Perhaps the most fitting image for the future of financial management is Uber. Get in, get out, done. Payment simply didn't happen. No receipt, no card, no hesitation. That is the goal: to automate things to the point where, from the customer's perspective, they no longer take place at all. Accounting, loan applications, liquidity planning, nobody really wants to do any of that. The logical consequence: it has to be designed so that you simply must do it. And ideally in a way that feels as though it's already been taken care of.
Less than three years ago, "ChatGPT" was a term hardly anyone knew. Today, everyone says "just ask ChatGPT" as naturally as they once said "just Google it." The speed with which new technologies enter everyday vocabulary shows: when convenience is right, behaviour changes faster than we think. The same was true of the iPhone, apps, and cloud software. And it will be true of AI, no matter how many voices are still hesitant or cautioning today.
Many people still use AI like a better search engine: summarising, translating, rewriting. That's thinking in tasks. What's really needed is a shift in mindset toward goals and outcomes. Not "write me a text," but "I want more visibility for my business, take care of it." That's the difference between prompting and mandating. And it is precisely this mandating that will define the future of business management.
Lexware is working on a concept internally called the "Lena Principle." The idea: every entrepreneur gets an AI powered co pilot by their side, a kind of virtual Chief of Staff that runs in the background, keeps an eye on finances, informs the tax advisor, reviews marketing campaigns, draws industry comparisons, and acts independently when needed. Not a jumble of dozens of different agents, but a single entity you give a goal to, which then orchestrates the right specialists. The aim is for this to be a reality by 2030.
No company today can manage everything on its own, neither small ones nor large ones.
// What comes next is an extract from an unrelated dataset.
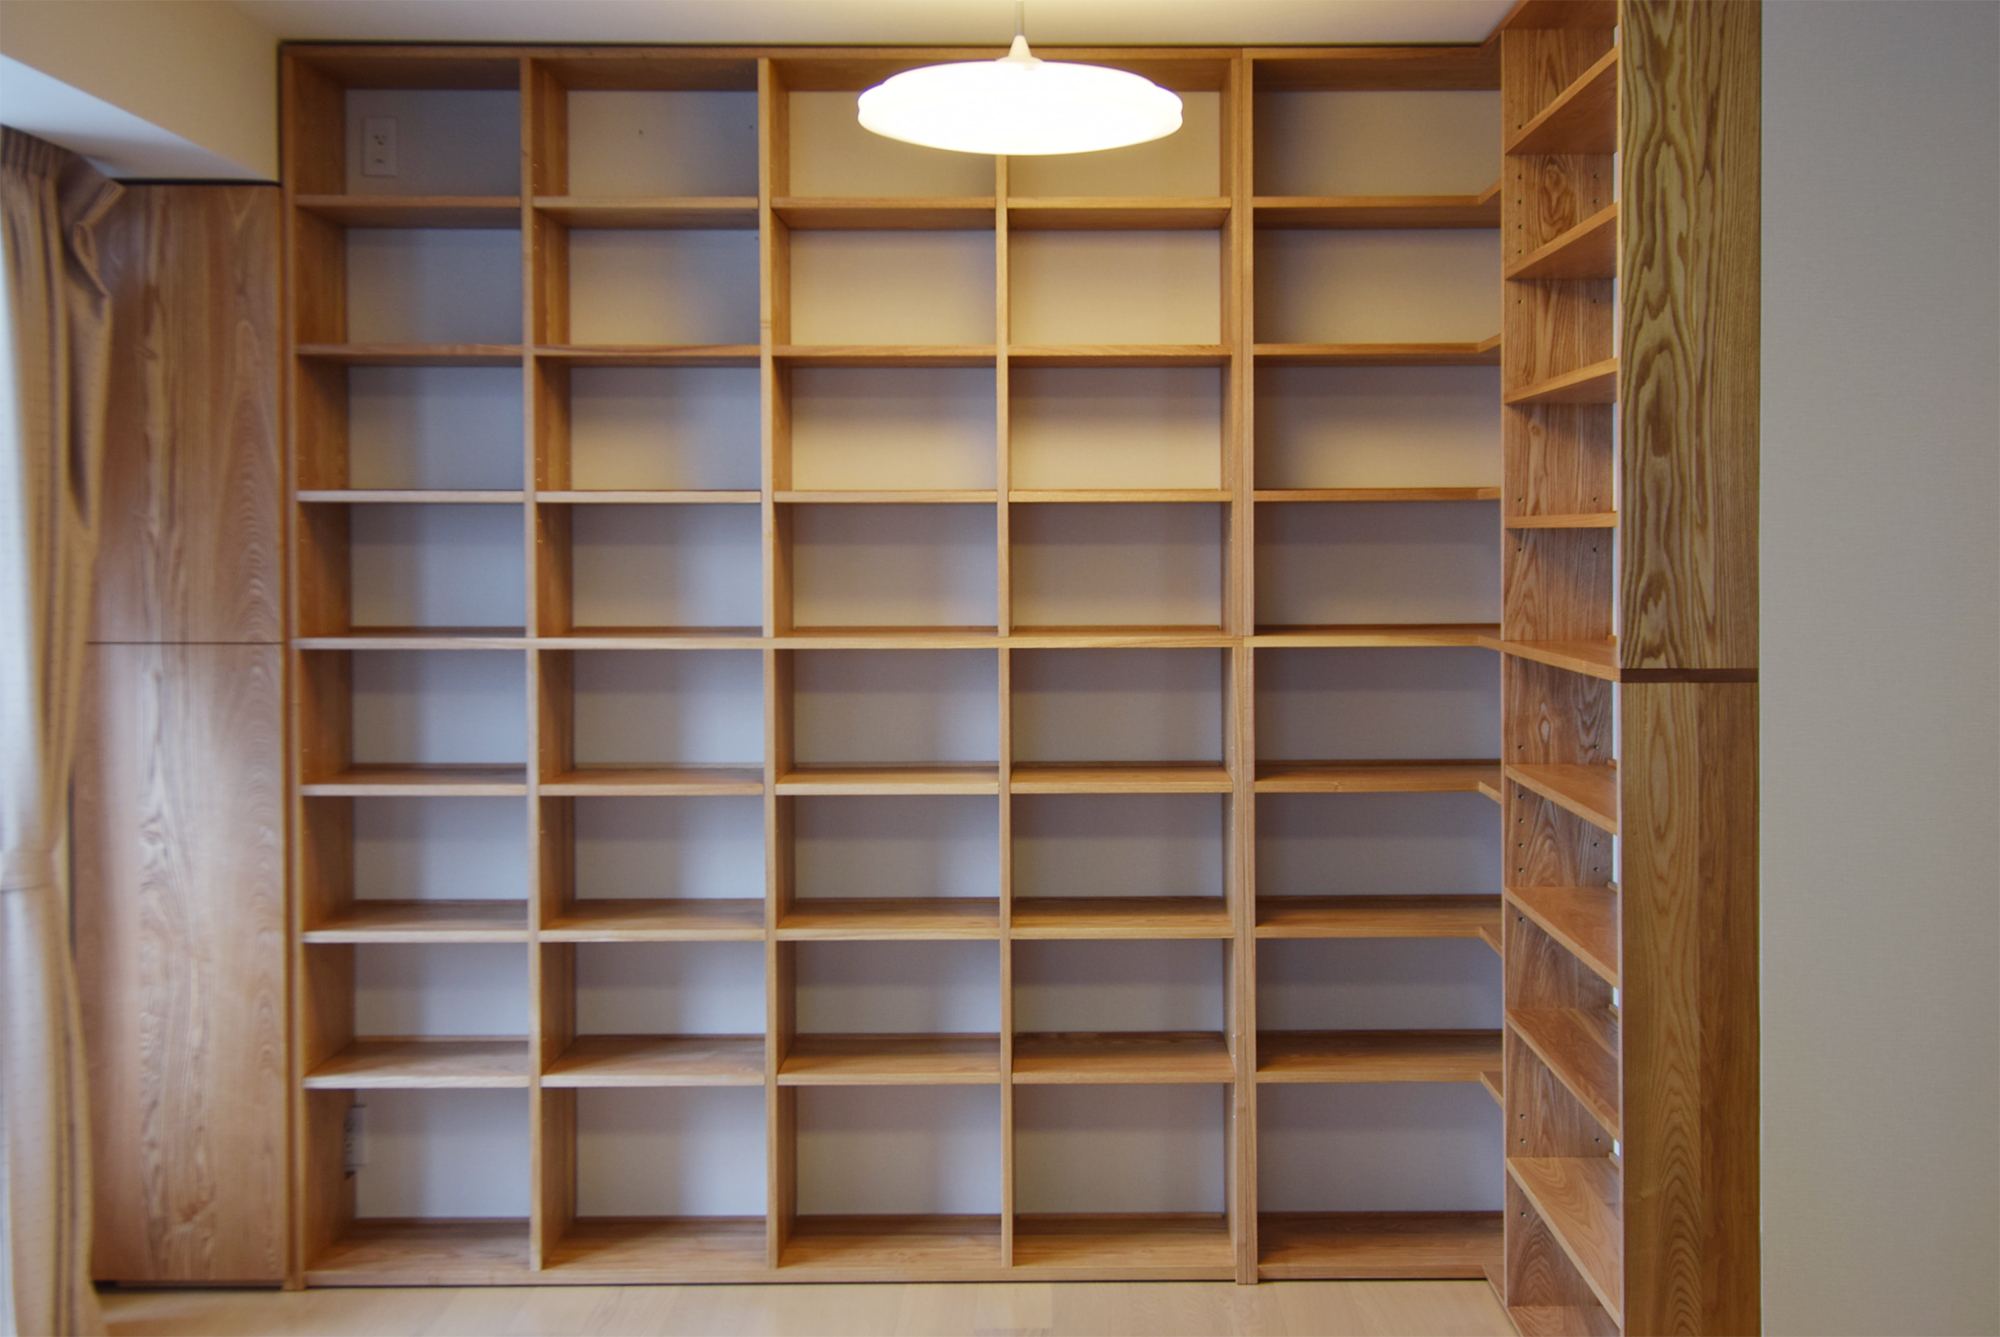 TANA 壁面収納家具 タモ材の本棚│オーダー家具と無垢天板 東京 WOODWORK

Technology is developing so fast that even well positioned organisations can no longer keep up with implementation. The answer is: focus on the core business and forge smart partnerships for everything else. Those who try to build everything themselves risk falling behind, like Blackberry, Nokia, or Kodak once did. Incidentally, Kodak invented the digital camera. They just didn't think big enough with it.
Four million self-employed people in Germany collectively employ around 12.5 million people. When these businesses start to struggle, society as a whole has a problem. And yet these are precisely the small enterprises that are barely talked about. The baker around the corner cutting four jobs doesn't make the front page. And yet today's large companies all grew from exactly these small beginnings. Amazon, Apple, the families behind Europapark, they all started out as individuals at some point. Supporting entrepreneurship is not a niche. It is a societal responsibility.
In the end, everything comes down to one thought: the highest level of "just getting it done" is when it's already done. When accounting simply happens. When liquidity gaps are identified and closed before you even have to think about them. When entrepreneurs can once again focus on what they originally set out to do: their passion, their product, their idea. That is the vision. And it is closer than you might think.